*What to produce*
From the records below, extract only the lines running from the line with "joe-hazel-men-beige-solid-cotton-pullover-sweater" to the line with "Givenchy-OUTLET-SALE-Logoed rubber platform", both lines included, reproducing them exactly.

*Given records*
────────
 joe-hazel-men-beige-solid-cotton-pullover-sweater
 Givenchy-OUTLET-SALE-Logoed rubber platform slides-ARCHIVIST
────────
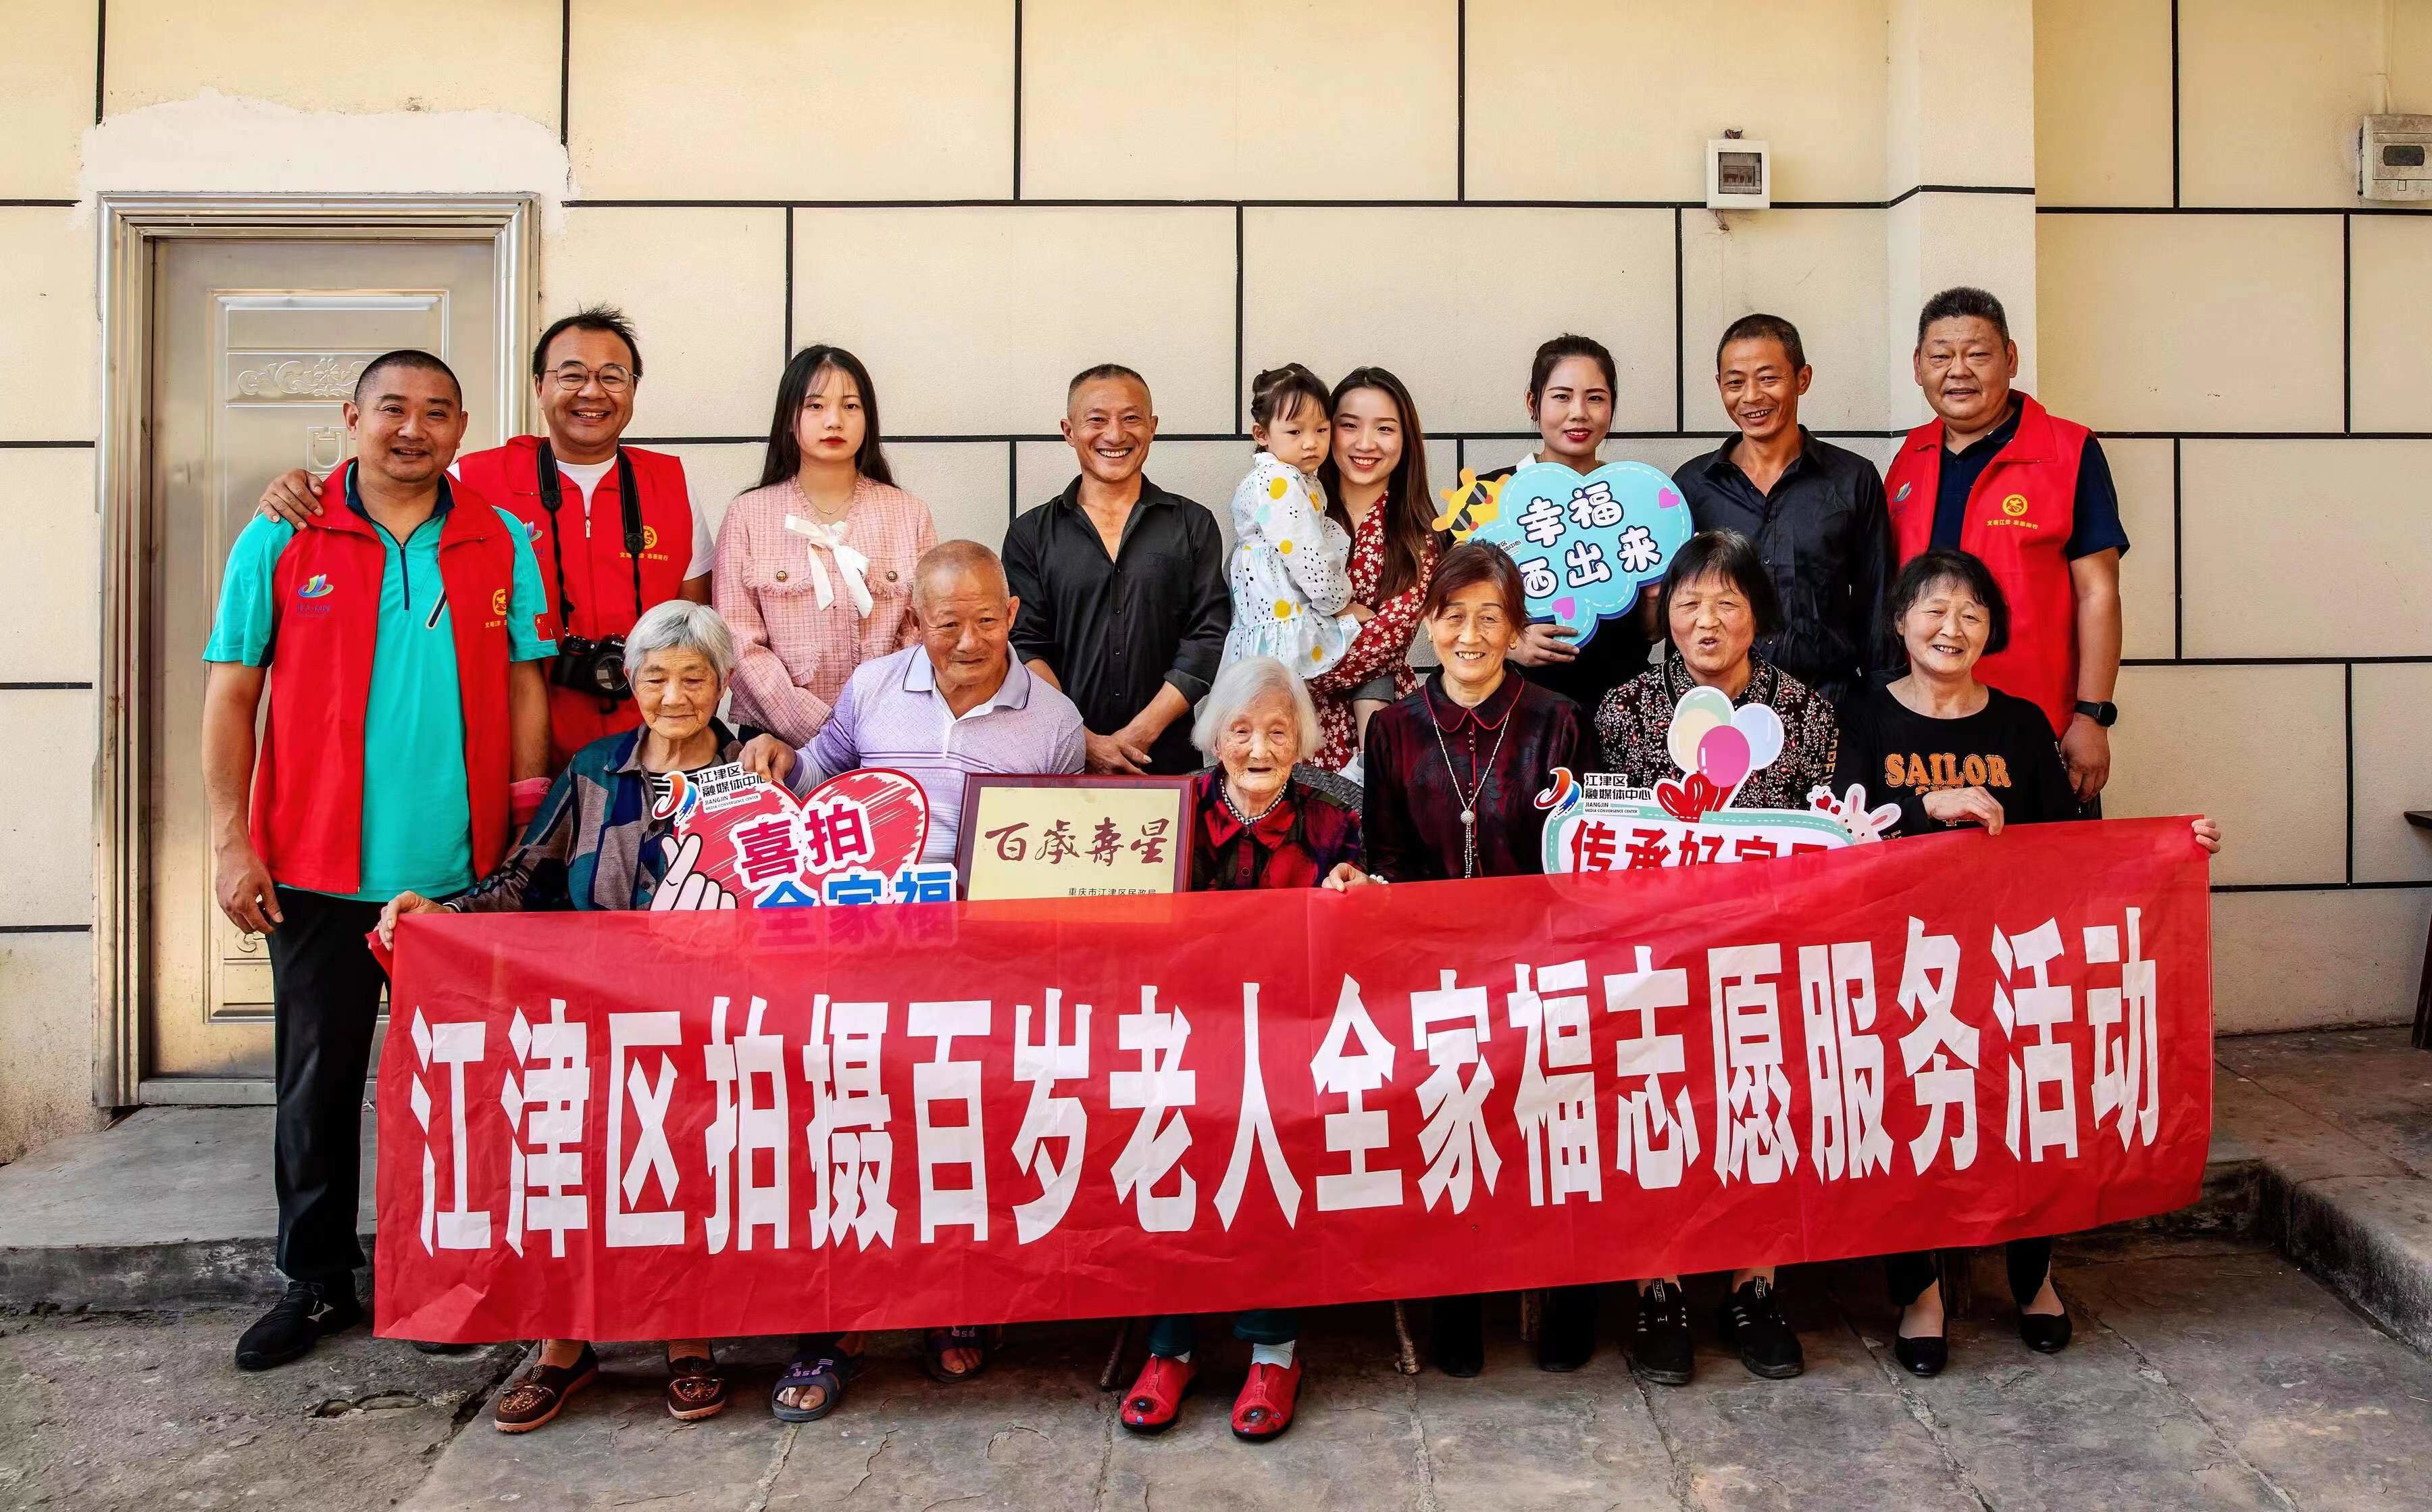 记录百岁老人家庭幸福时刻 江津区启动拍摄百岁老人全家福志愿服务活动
────────
*Task solution*
 joe-hazel-men-beige-solid-cotton-pullover-sweater
 Givenchy-OUTLET-SALE-Logoed rubber platform slides-ARCHIVIST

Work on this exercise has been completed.